* **INSTRUCTIONS TO FOLLOW**: Every line from the one with "18k Yellow Gold Diamond 11.5mm Golden South Sea" to the one with "Embrace timeless elegance", including those two, is to be copied exactly; all other lines of the entries below are left out.

* **RECORDED DATA**:

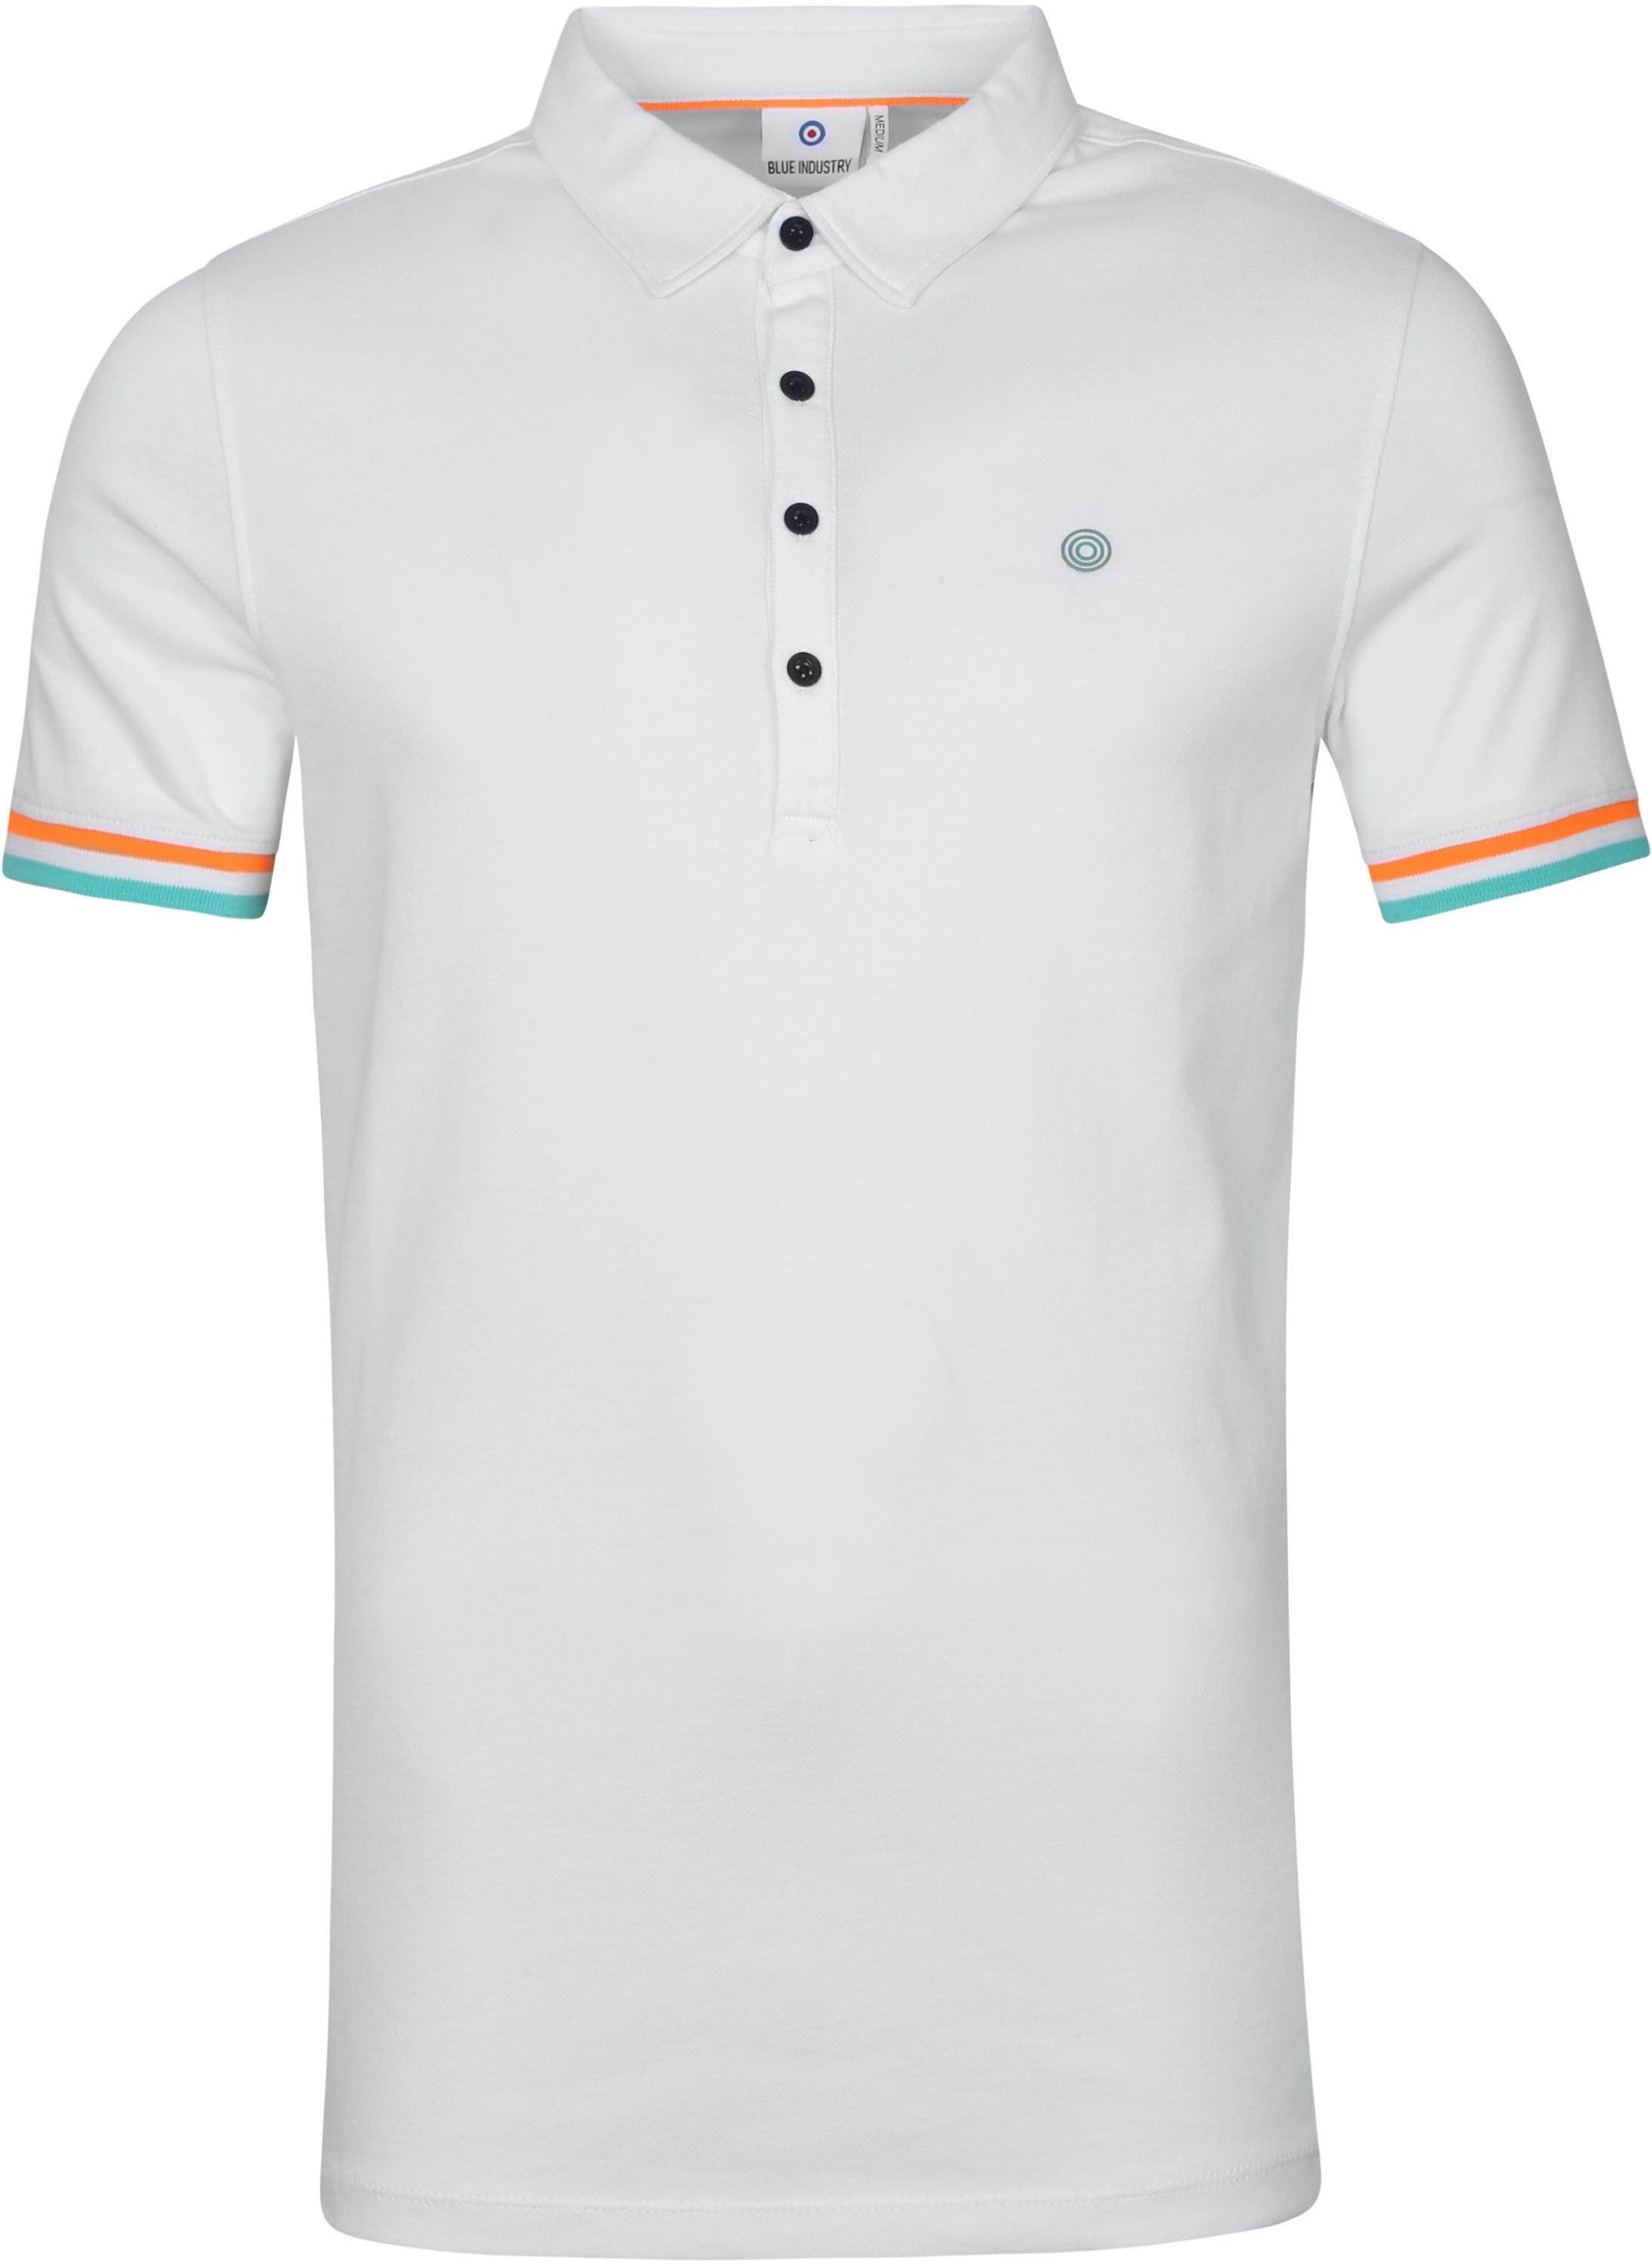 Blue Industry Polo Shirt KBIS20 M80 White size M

--

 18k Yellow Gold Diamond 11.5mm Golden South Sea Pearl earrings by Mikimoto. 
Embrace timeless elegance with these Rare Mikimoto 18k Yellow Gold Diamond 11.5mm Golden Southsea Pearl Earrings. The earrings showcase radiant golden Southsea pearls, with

* **EXERCISE OUTPUT**:
 18k Yellow Gold Diamond 11.5mm Golden South Sea Pearl earrings by Mikimoto. 
Embrace timeless elegance with these Rare Mikimoto 18k Yellow Gold Diamond 11.5mm Golden Southsea Pearl Earrings. The earrings showcase radiant golden Southsea pearls, with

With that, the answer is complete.